No idea mate, sorry. I've got a bottle of all-in-one mix from TNC which I almost never use anyway... gone through about 200ml in 2.5 years. Completely ignorant when it comes to dosing.


----------



## Henry (29 Apr 2013)

I refer back to my post on CO2 or reducing light. I've been successful growing plants in soil in virtual darkness, due to the low light limiting the need for CO2 and high levels of nutrients.

What are the dimensions of the tank? What lights are you using? What means of providing flow do you have?

I ask this because I ran a large soil based tank for a while. The tank was being run without a filter, just plenty of floating duckweed. The tank was heavily stocked. Some plants grew well, some not at all. As soon as I halved the lighting and added a filter, all of the plants took off and looked much healthier.


----------



## Paul195 (29 Apr 2013)

To be honest I have been considering using liquid C02 anyway as I worked it out being reasonable costs on my 200L using the AE neutro C02 gear. Also they do a product called neutro T which is supposed to be ferts for low tech tanks but I noticed it doesn't have any macro ferts...why is this? and should I consider it instead of dry ferts (macro's & micro's).


----------



## Paul195 (29 Apr 2013)

Sorry, I have so many questions, I am asking a new one before you have a chance to answer my last! apologies.


----------



## Paul195 (29 Apr 2013)

> What are the dimensions of the tank? What lights are you using? What means of providing flow do you have?

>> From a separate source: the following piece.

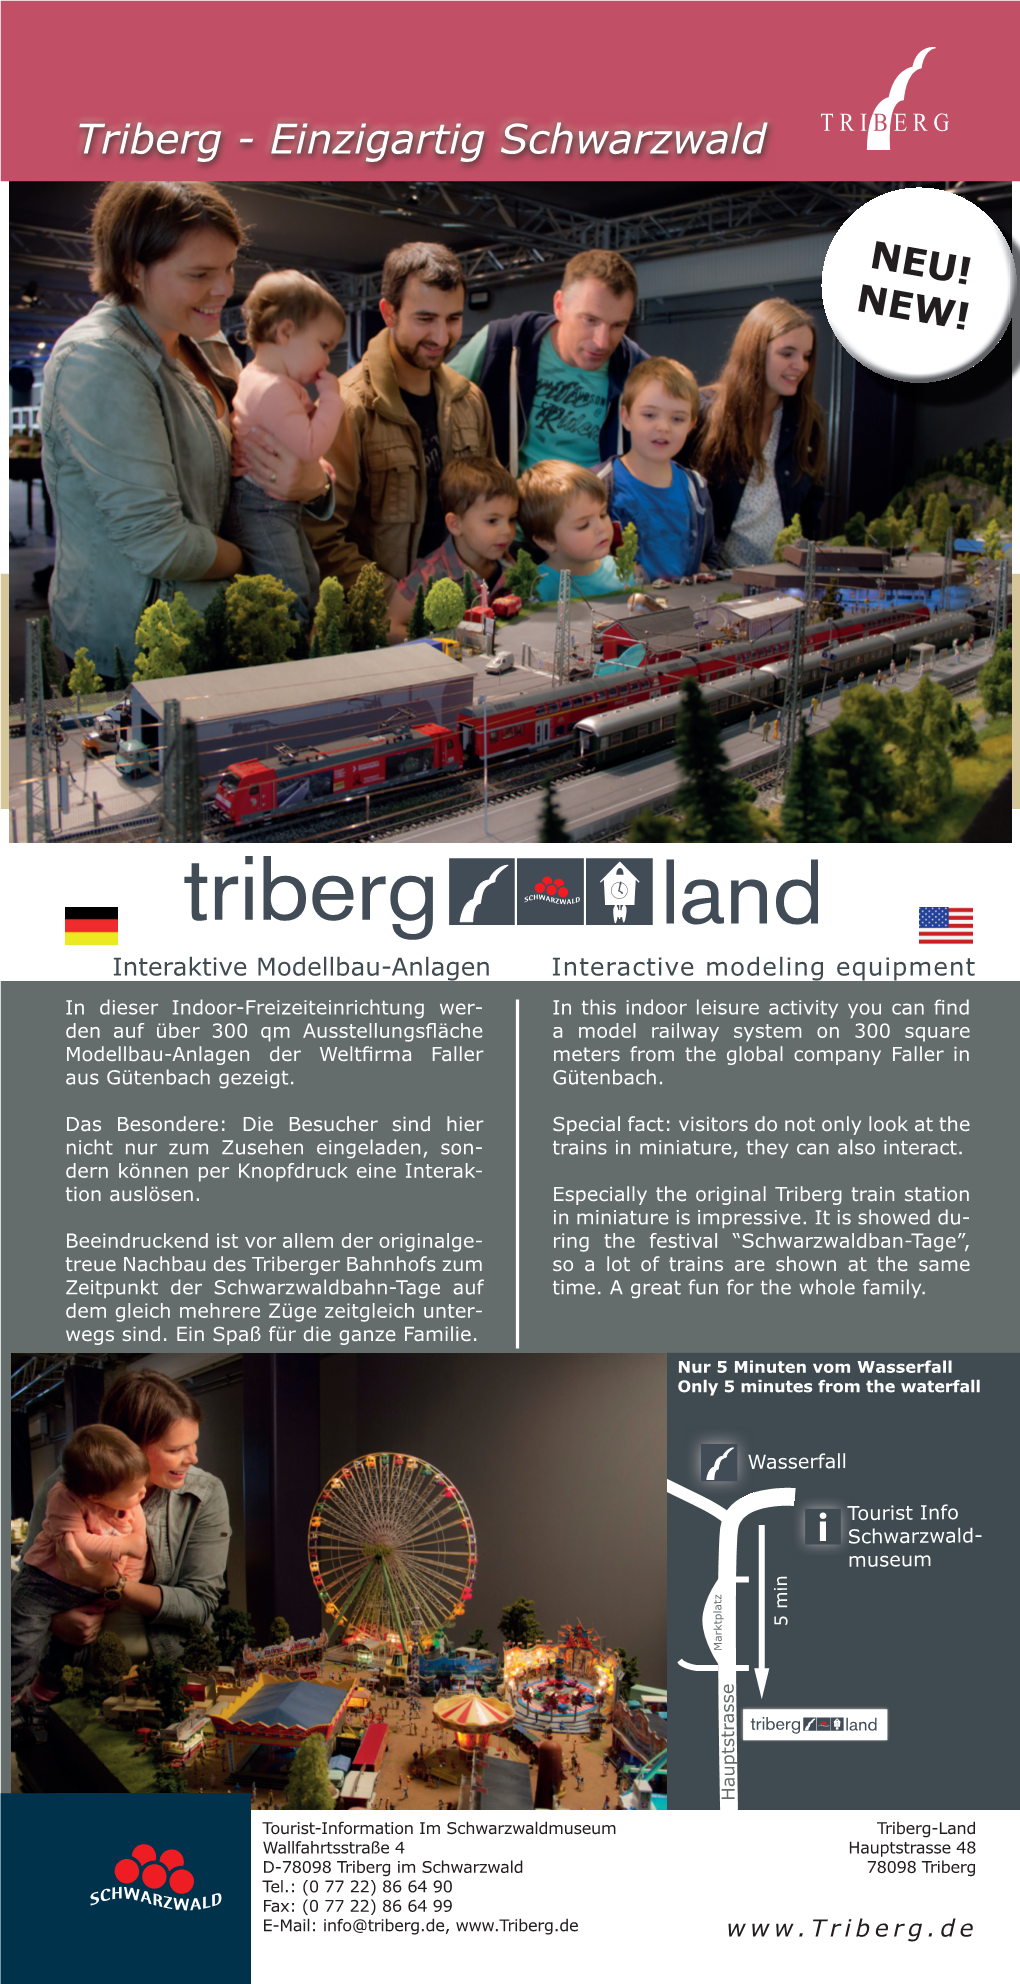 Triberg - Einzigartig Schwarzwald
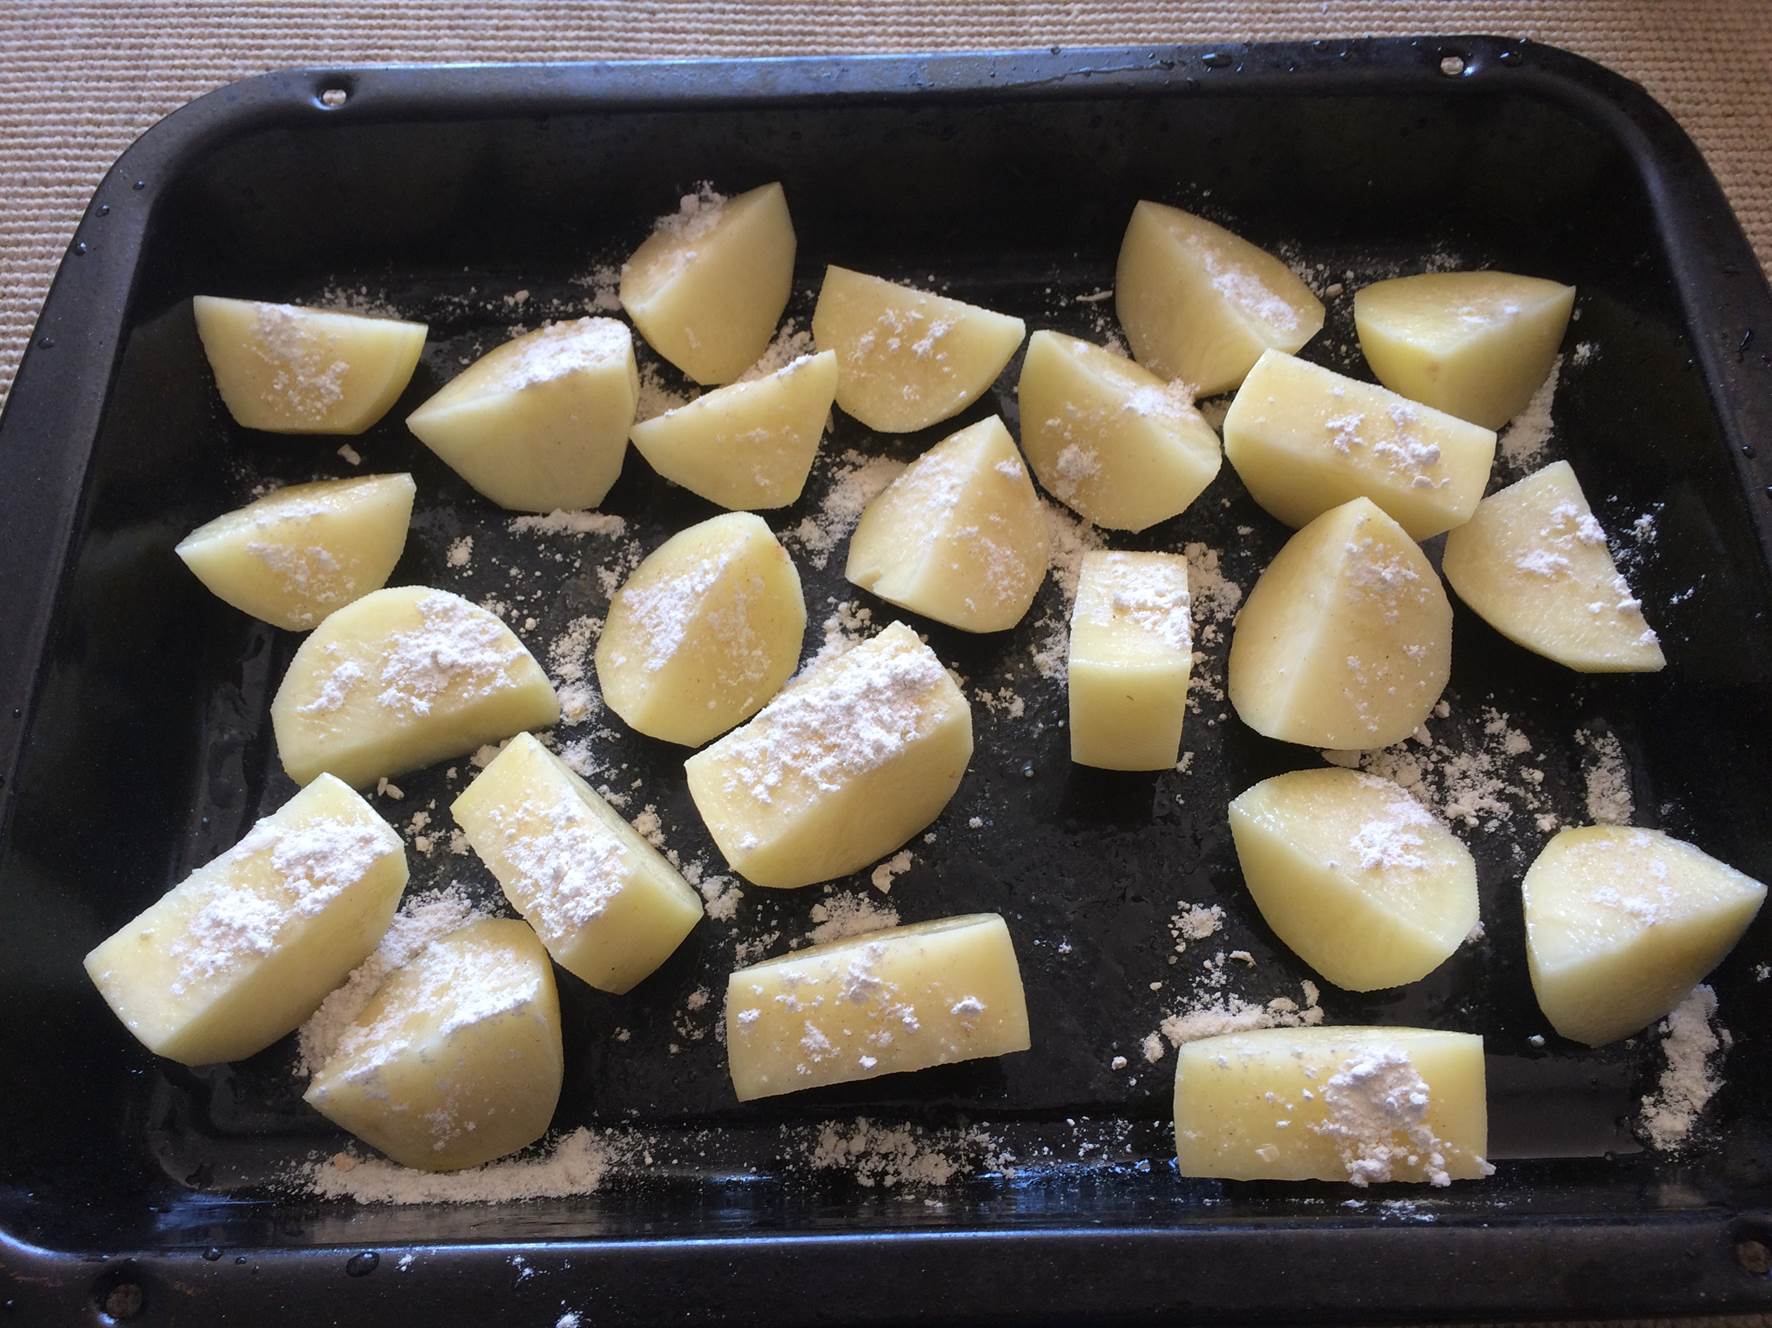 prepared potatoes

5ftx1ftx1ft (approx 200L), 1x 58W T8 with reflector for 8 hours, 6x turnover external canister filter with custom extended spraybar across full width. No fish yet just the plants above.

Perhaps adding both C02 and ferts is the way forward.

P


----------



## Henry (29 Apr 2013)

I don't think nutrient levels in a low tech tank should be an issue when using the low tech method. At most, some trace once a week will help provide the plants with anything they can't get from fish waste. Large weekly water changes will help too.


----------



## BigTom (29 Apr 2013)

Paul195 said:


> Sorry, I have so many questions, I am asking a new one before you have a chance to answer my last! apologies.


 
This is possibly going to sound a bit patronising (and isn't at all meant to be!), but one of the most important skills for low tech planted aquarium success is patience. The joy of soil tanks is being able to watch your plants flourish with the bare minimum of fussing and worrying. My advice would be to stop worrying too much about splurging on co2 and dosing equipment, and instead to sit back and watch what your plants do over the next few weeks. One or two species may not do well or die off, but I'm willing to bet the majority will happily settle in after a while longer and get on with growing at their own pace.


----------



## Paul195 (29 Apr 2013)

> The joy of soil tanks is being able to watch your plants flourish with the bare minimum of fussing and worrying. My advice would be to stop worrying too much about splurging on co2 and dosing equipment, and instead to sit back and watch what your plants do over the next few weeks


Point taken ...I just want to see all of the plants that I spent a small fortune on doing well (hence letting me know that I am not failing). I shall see what happens over the next few weeks. 
Many thanks for all your advice and time.

Paul


----------



## Henry (29 Apr 2013)

Very good point Tom. 
Paul, I think you would benefit greatly from reading up on the 'Walstad method'.


----------